Book Review: GA Houses 90

GA Houses 90 by Global Architecture. (Amazon)



In my days in undergraduate architecture school, GA Houses and other Global Architecture publications kept me in the architecture library for hours. The large-format journals with page after page of glossy photos, plans, elevations, and bilingual text (giving a worldly feel to the undertaking) contributed to an enjoyable escape from studio while also creating inspiration via the myriad of ideas presented in project and built form. This sure-fire recipe for inspiration and salivation continues strong to this day, as GA churns out issue after issue filled with the best -- or most eye-catching -- contemporary and Modern architecture.

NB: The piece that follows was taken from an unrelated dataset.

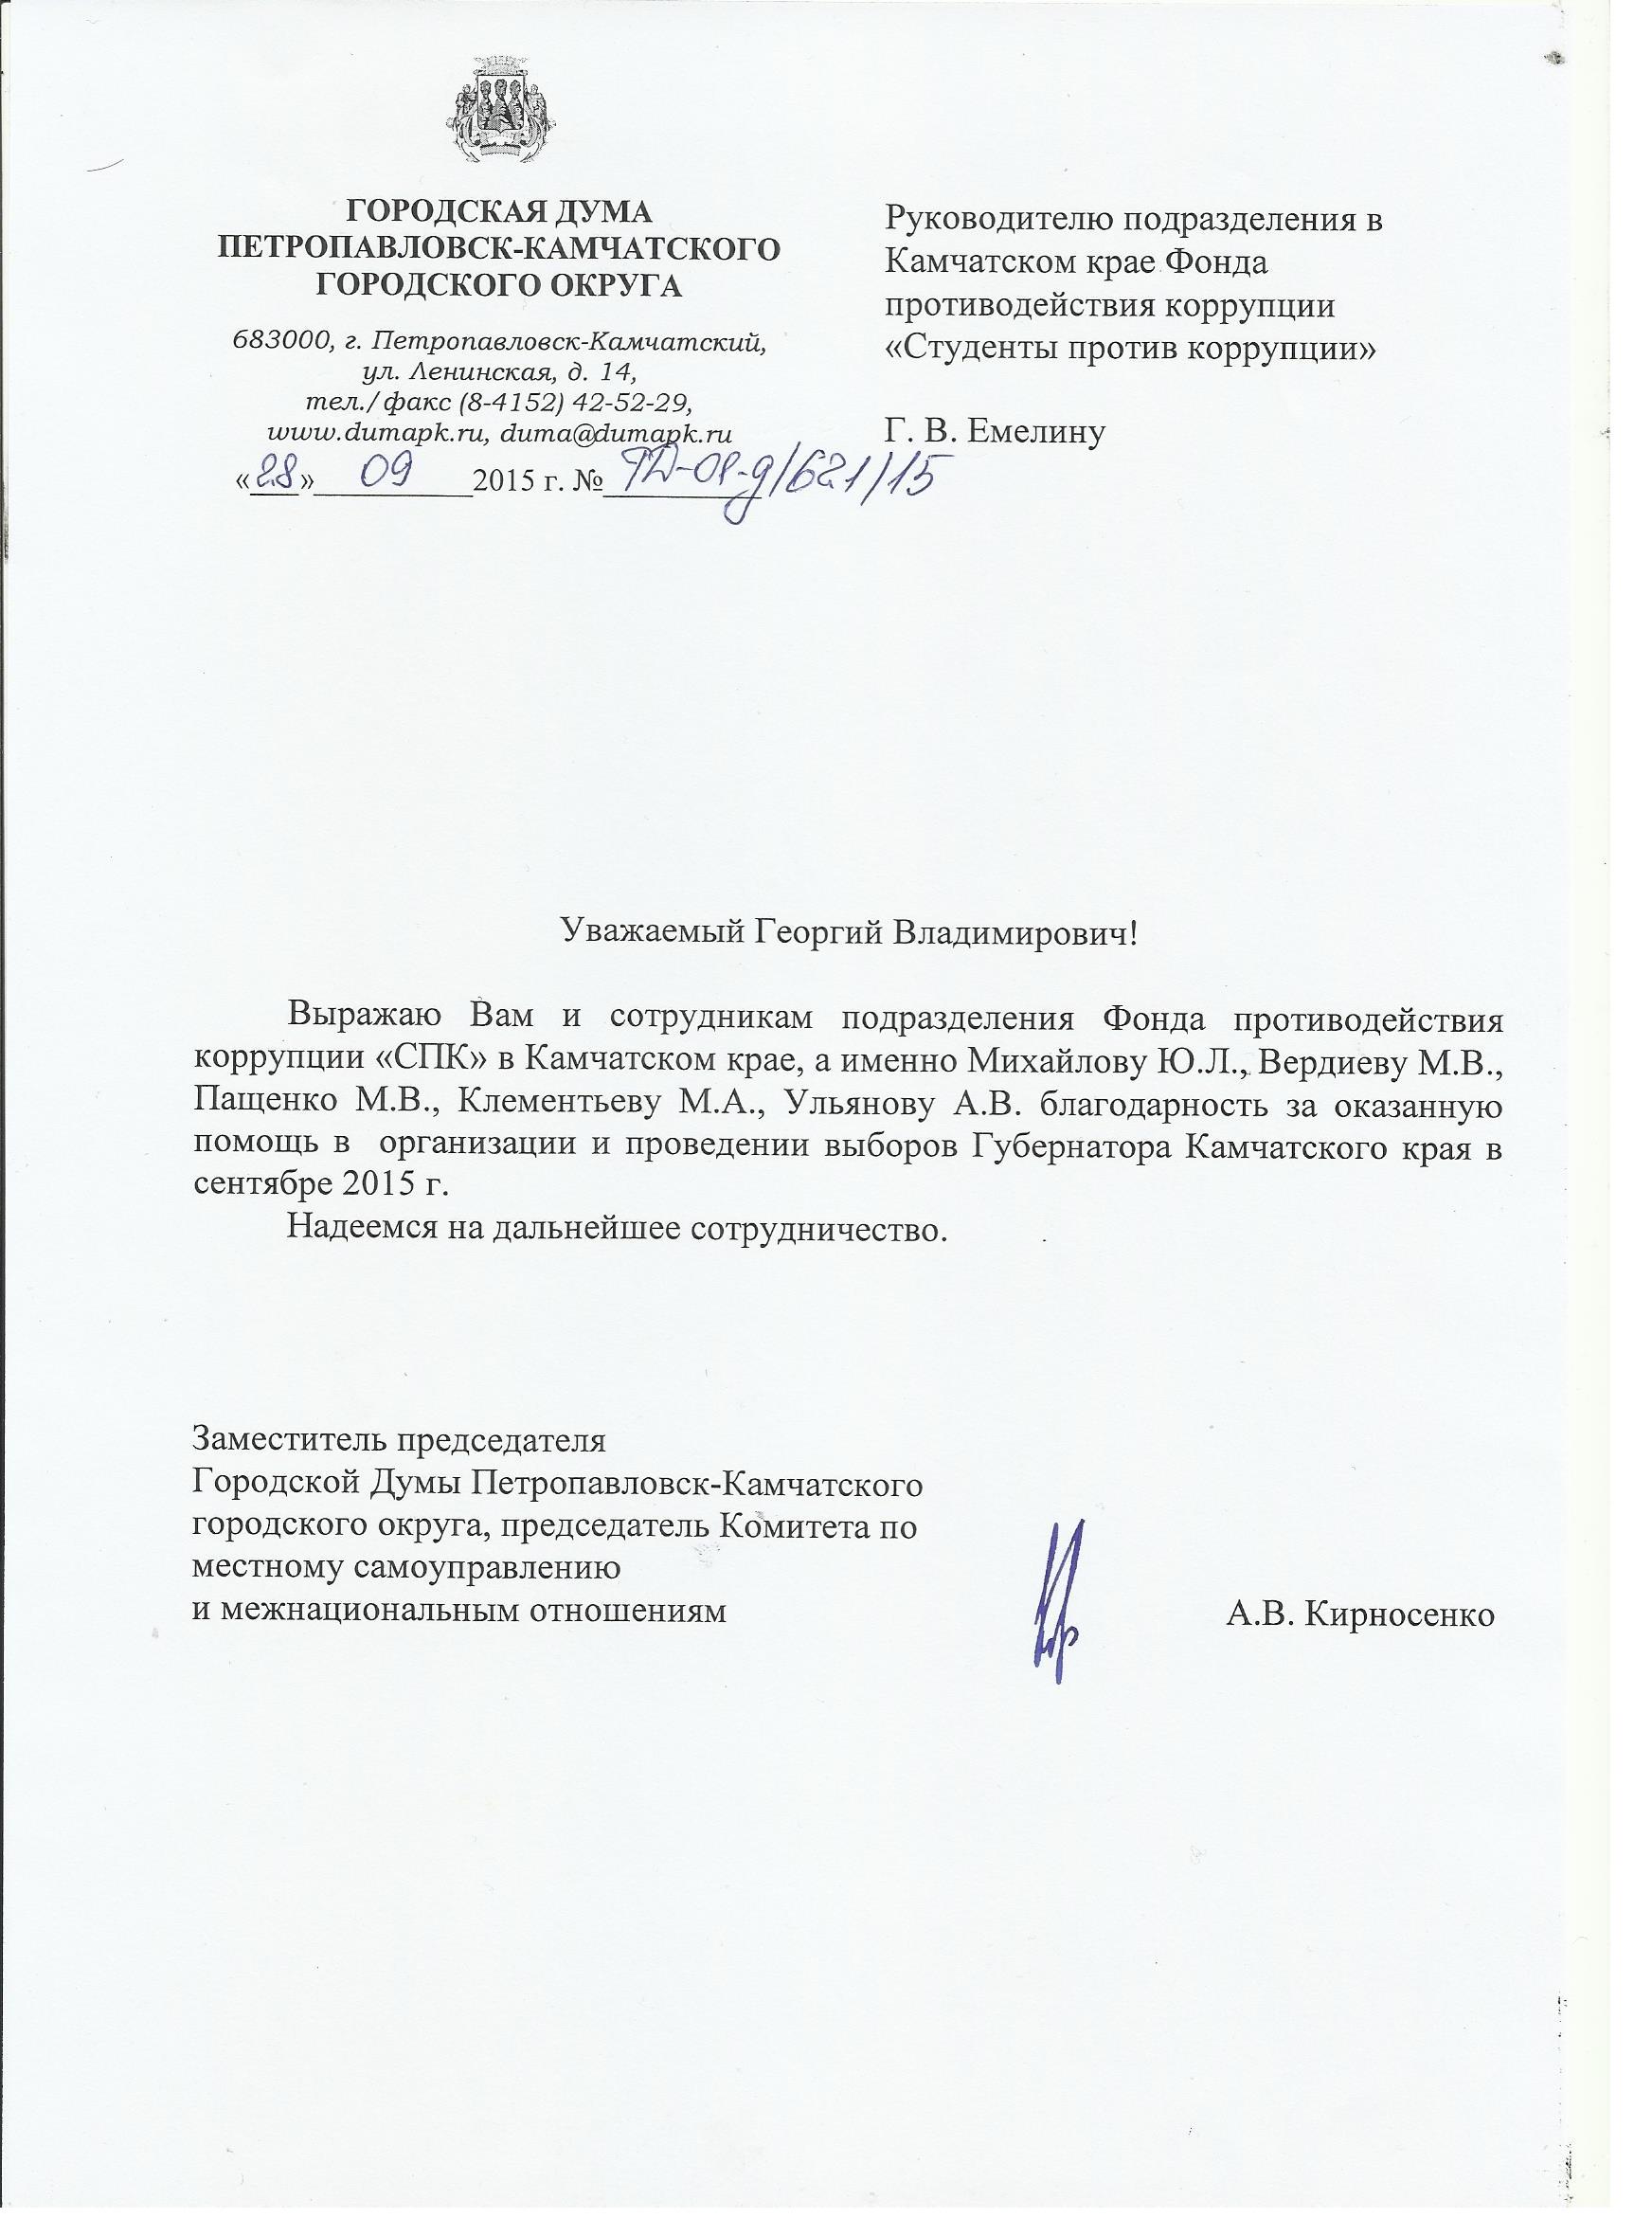 СОТРУДНИКИ Новости о коррупции в Камчатском крае Благодарность Благодарность 88

This issue that I found heavily discounted at a local bookstore (GA publications suffer from a high price tag outside of their native Japan) presents eleven residential projects around the world. The projects are comprised of three "chunks": three projects in America's desert Southwest, three projects in Australia, and five projects in the magazine's homeland. Steven Holl's cover project in Arizona gets the most attention, though its outshined by one my favorite projects in recent years, the Moriyama House in Tokyo by Ryue Nishizawa of SANAA.

The house is actually a number of houses on a larger-than-typical plot of land: the client's residence and small studios. Each piece is treated as a separate box, where the in-between spaces become yards and walkways for the various residents. Nishizawa's response attempts to reconcile the large scale of the client's house with the small scale requirements of the rest of the project, but it does more than that, it also becomes a microcosm of the city.

In addition to the new houses presented in GA 90's pages, it also features Villages and Towns, what appears to be an ongoing feature of traditional places around the world. This issue looks at Alberobello in southern Italy, known for its trulli, stone dwellings with distinctive conical roofs. Why Global Architecture includes these places I'm not exactly sure, though I would guess that they're trying to equate the formal novelty of contemporary architecture with the vernacular forms of peoples and times gone by. Whatever the reason, it makes for that much more delight and inspiration.